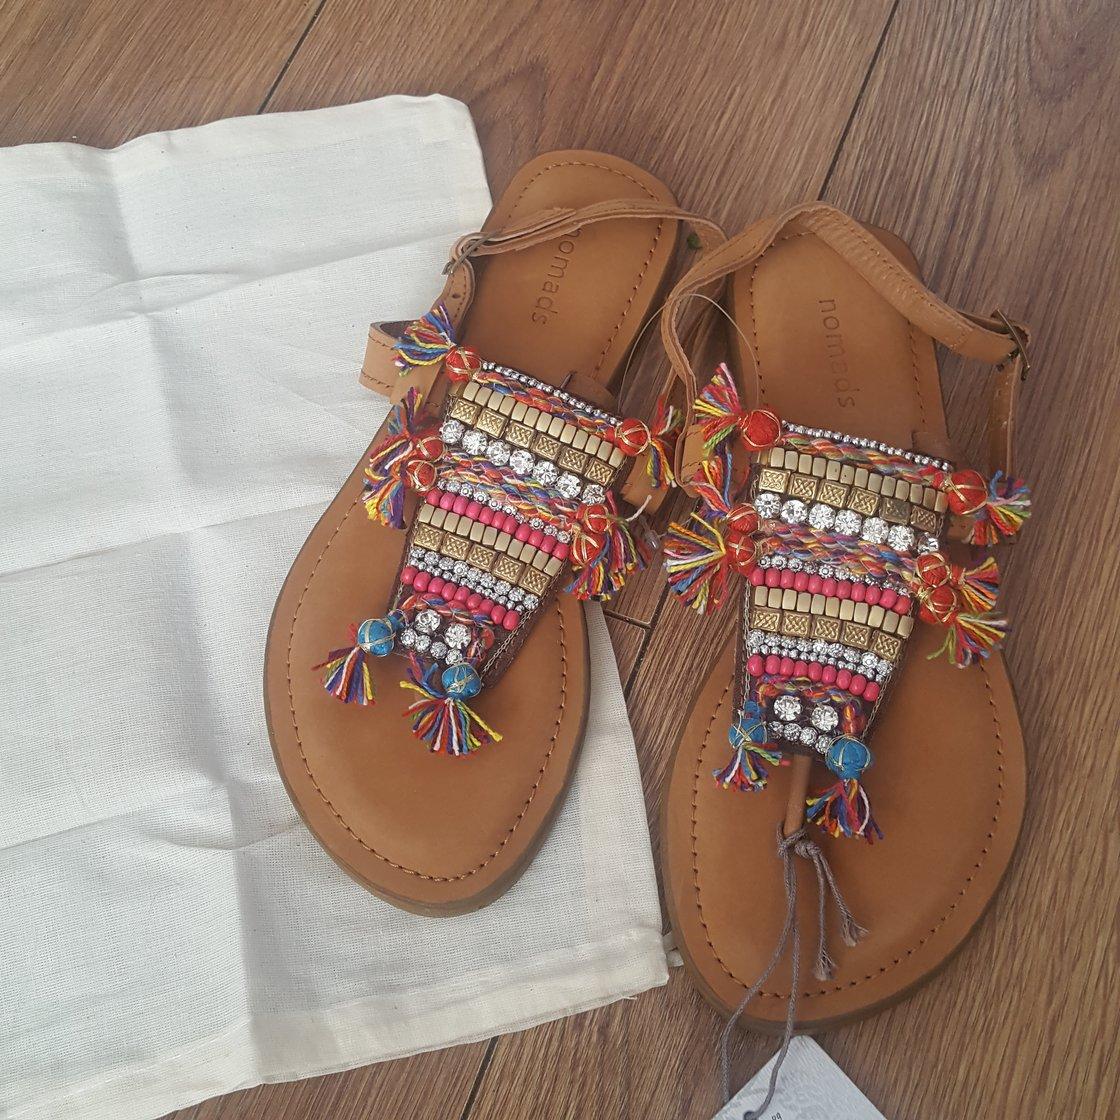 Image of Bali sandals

* * *

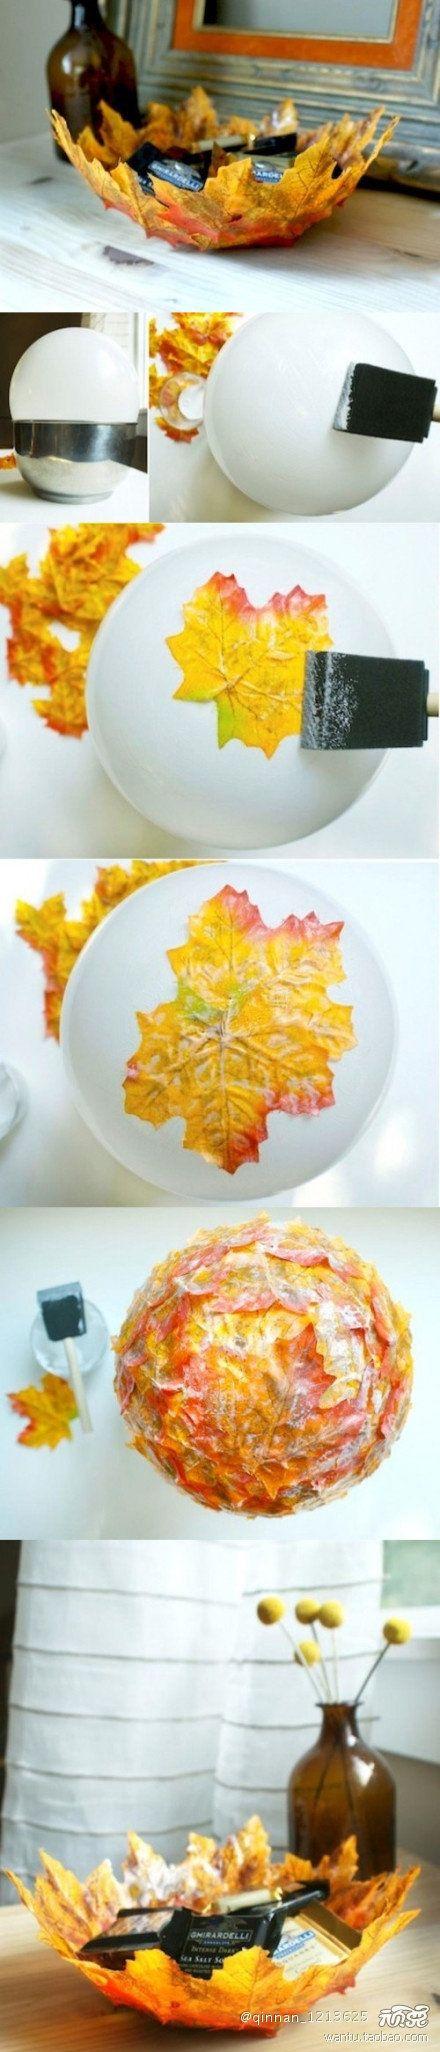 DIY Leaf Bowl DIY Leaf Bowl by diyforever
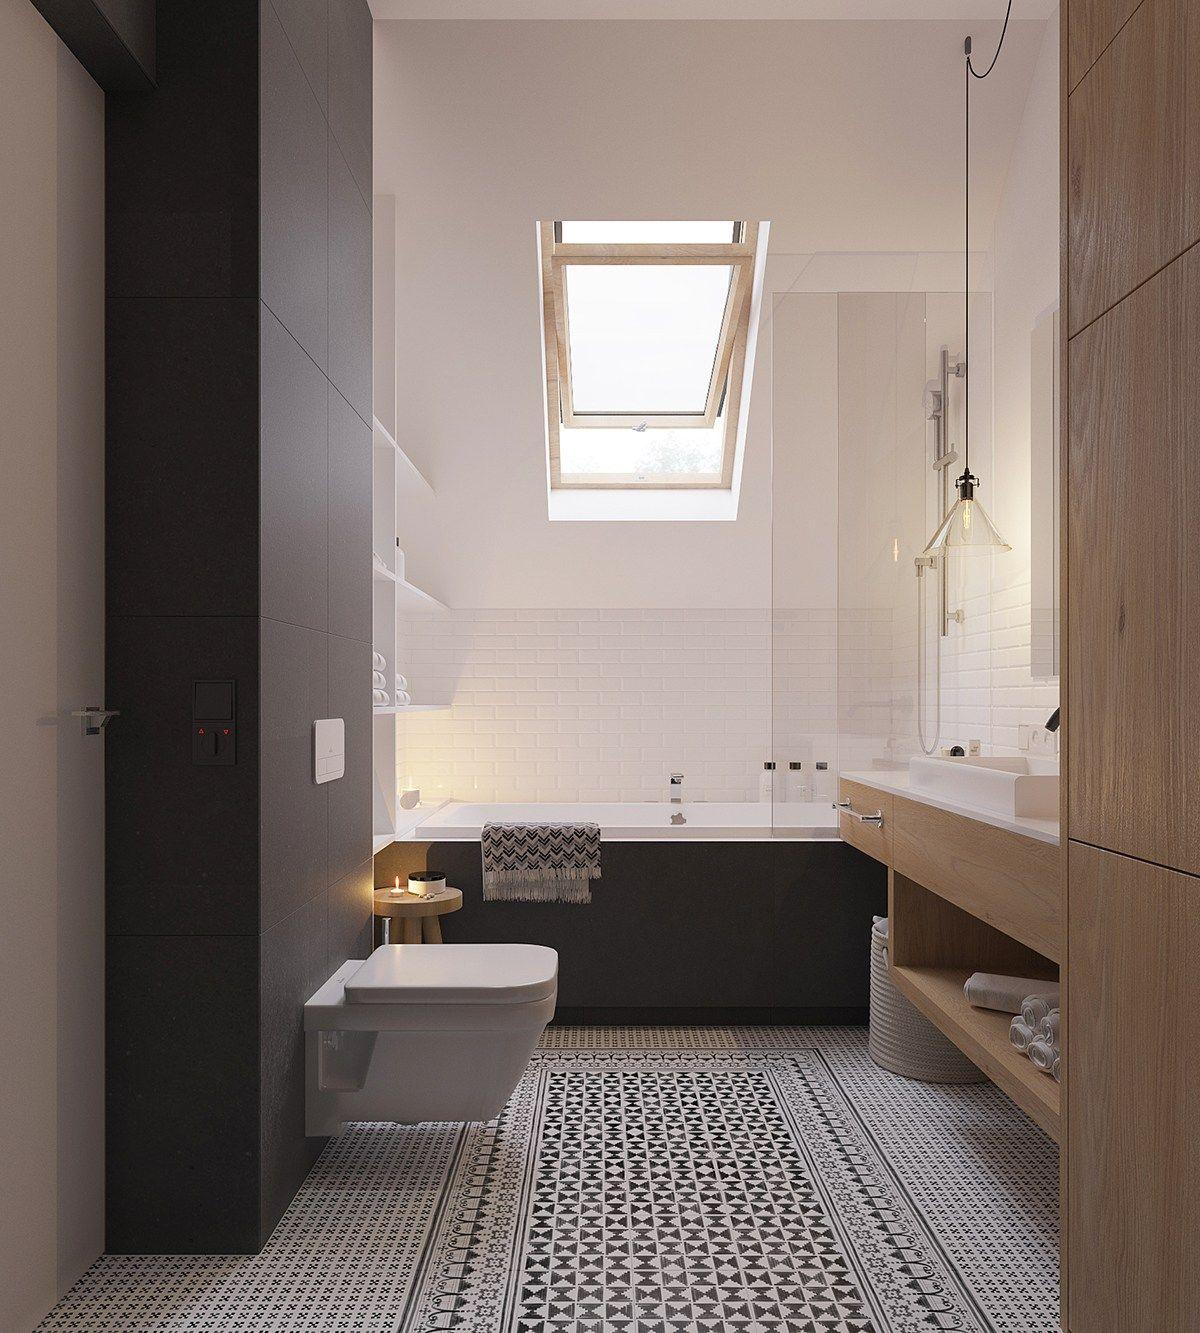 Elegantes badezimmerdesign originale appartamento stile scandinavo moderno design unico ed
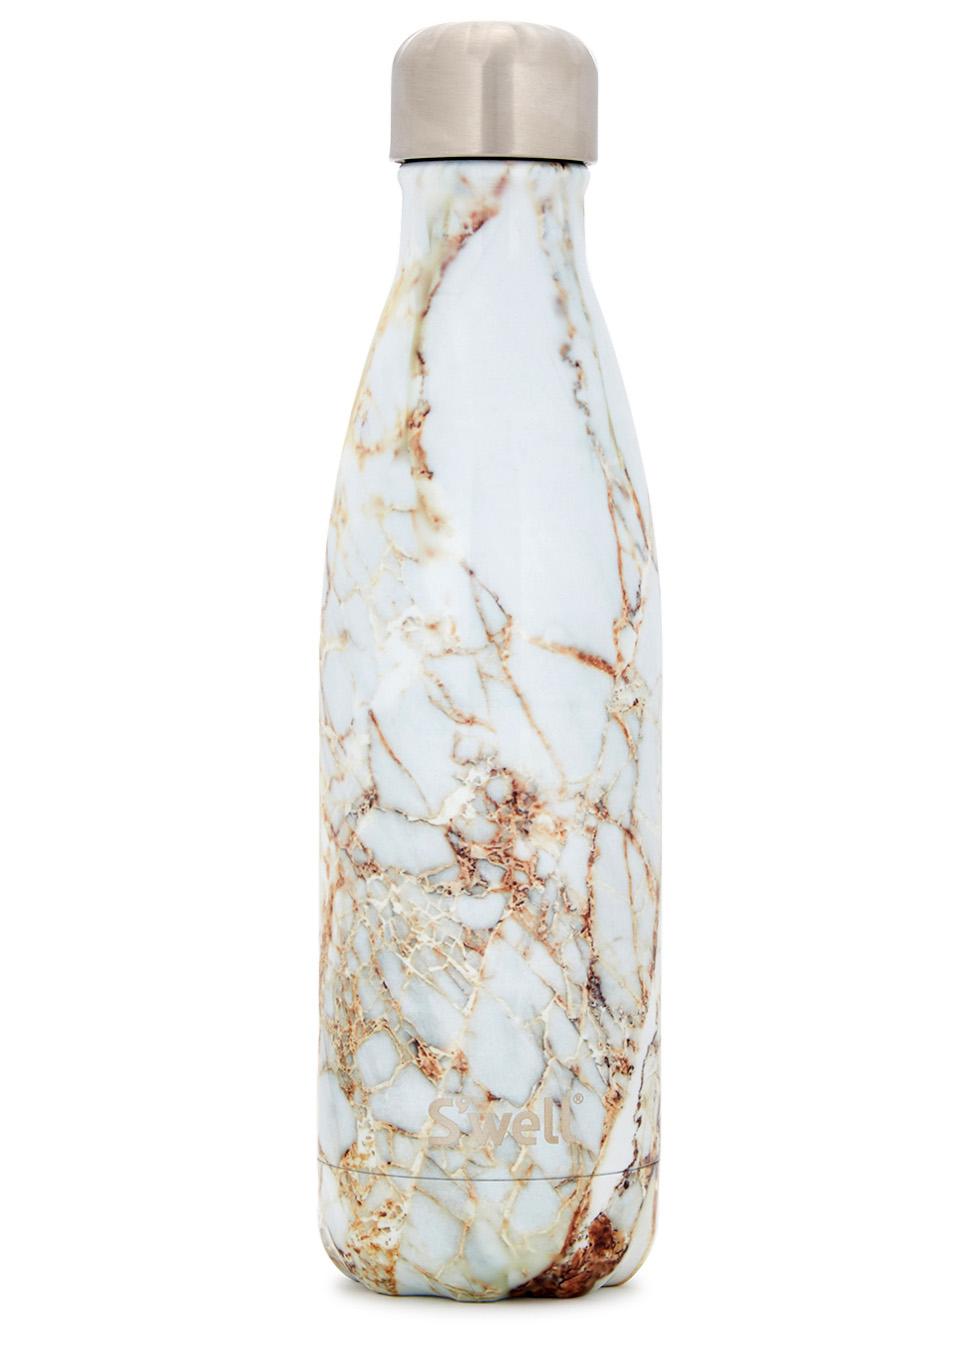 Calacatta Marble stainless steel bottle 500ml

* * *

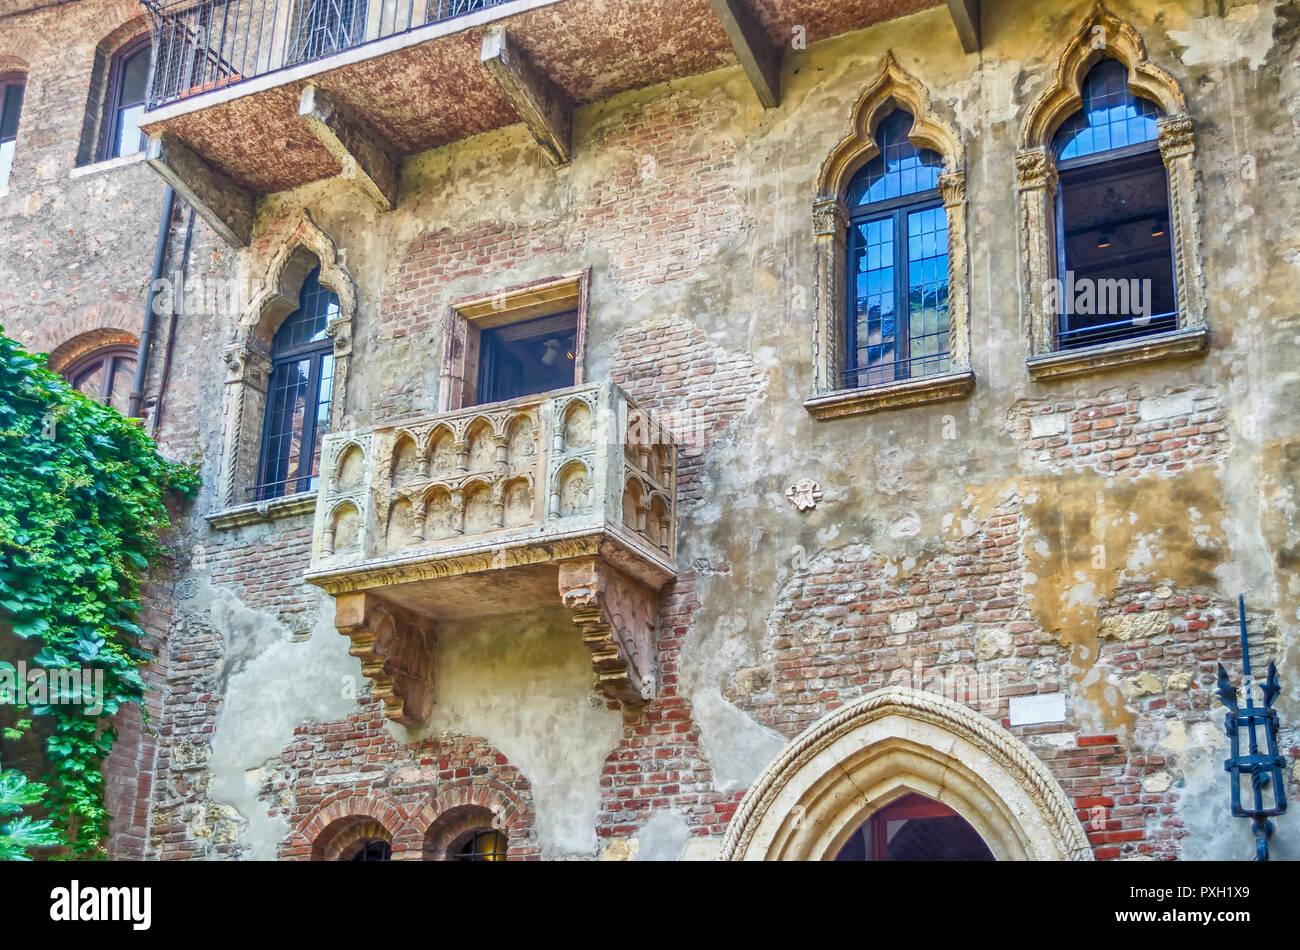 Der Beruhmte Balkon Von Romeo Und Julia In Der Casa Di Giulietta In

* * *

Copy exactly the material above from the line with "Elegantes badezimmerdesign originale" to the line with "Calacatta Marble stainless", ends included, and nothing else. Leave out any picture.

## EXERCISE RESPONSE
 Elegantes badezimmerdesign originale appartamento stile scandinavo moderno design unico ed
 Calacatta Marble stainless steel bottle 500ml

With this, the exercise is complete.